Recently I found a YouTube video that showed the making of a small wooden box with a decorative addition to its lid.
|copper top box|
The video shows the entire process. A cross cut sled is used to cut the corners at 45 degrees. As well the top is cut from the box with the table saw.
One way to cut the top off the box is shown in this video. The woodworker cuts the top off in one pass by raising the blade until it nearly cuts through, leaving only a thin section of wood, to be cut away with a hand saw.

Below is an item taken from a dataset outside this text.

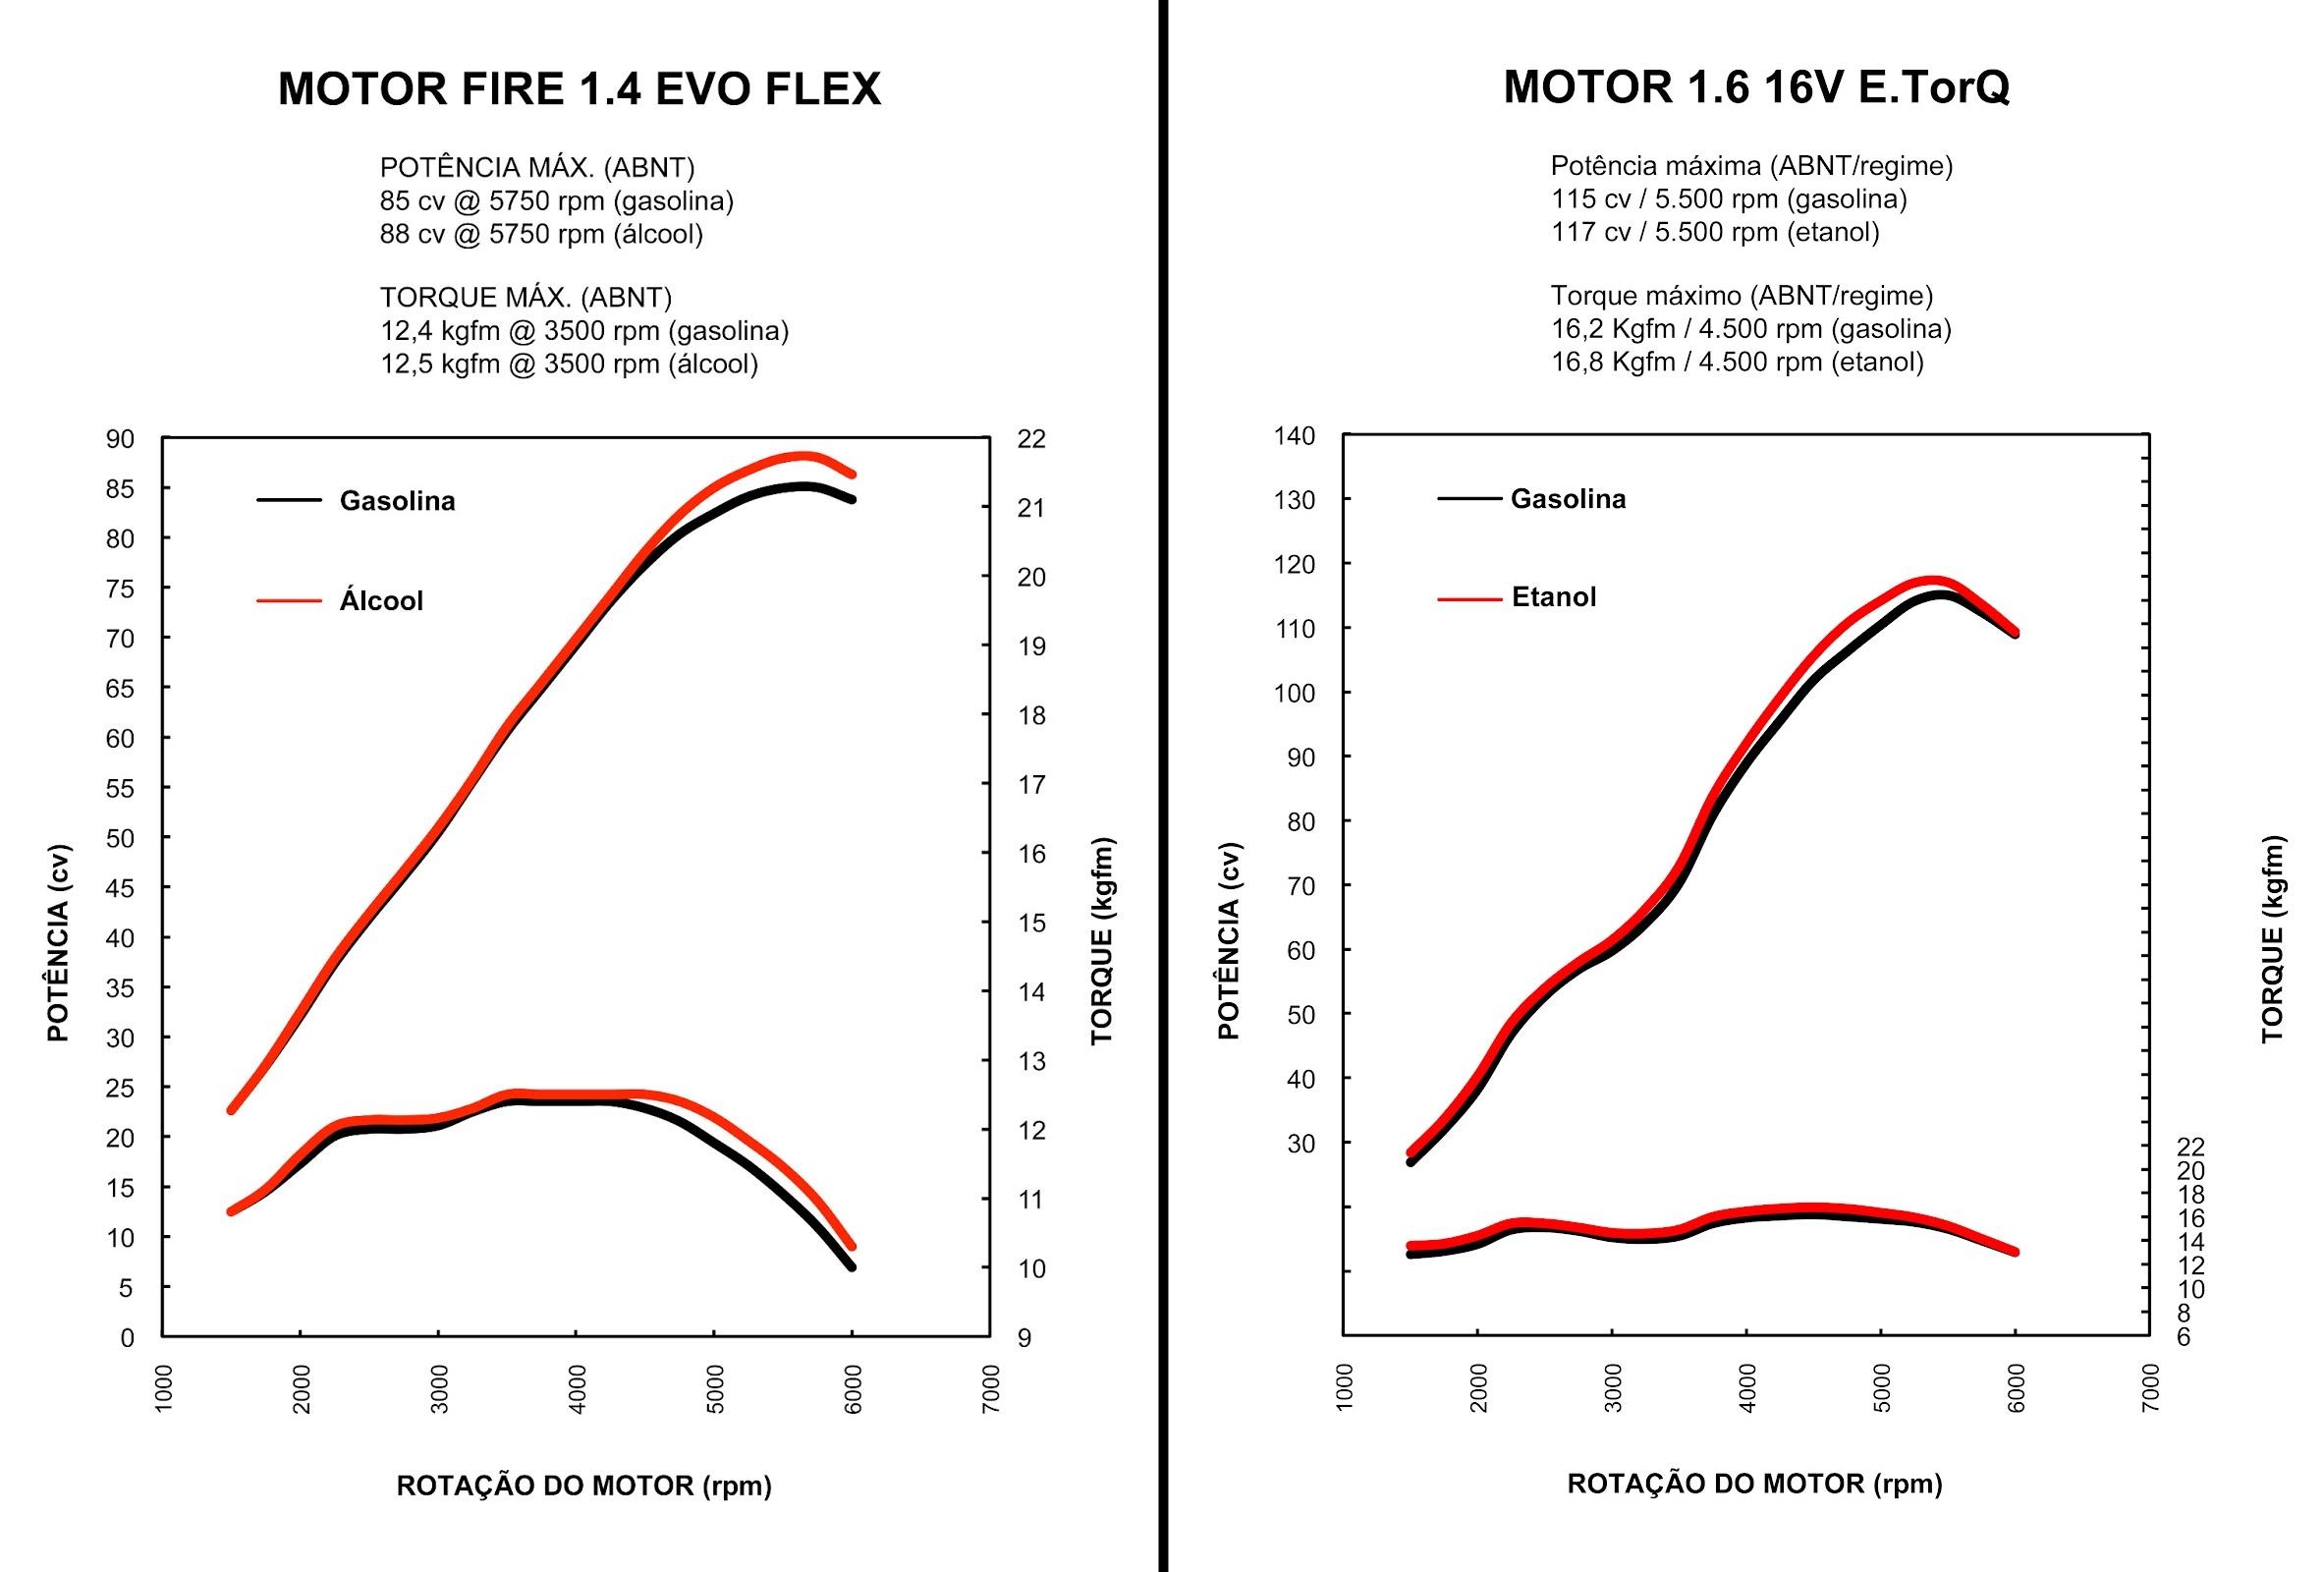 Curva de torque dos motores 1.4 Evo e 1.6 E.TorQ

At the glue up stage there are some interesting comments on the nature of modern glue. If you are old enough you remember carpenter's glue, it was sort of yellow and kind of sticky and not water proof at all. Weldbond and the like are notable improvements over the glues of 30 years ago. I agree with the video, you don't need tonnes of glue, just enough for good coverage.
I picked up a tip for gluing end grain a while ago. Before you glue end grain put a thin coating of glue on the wood and let it dry a bit. The first coat helps to seal the grain and prevent the glue meant for holding the joint from being sucked into the wood grain before it can do its job. I haven't done scientific testing on this method but it does appeal to my common sense.
I think I would make the copper plate before I made the box just to be sure.
It is my hope to get back into my shop and working in a couple of days. The yard has taken up much of my mobile time lately. But is is worth it.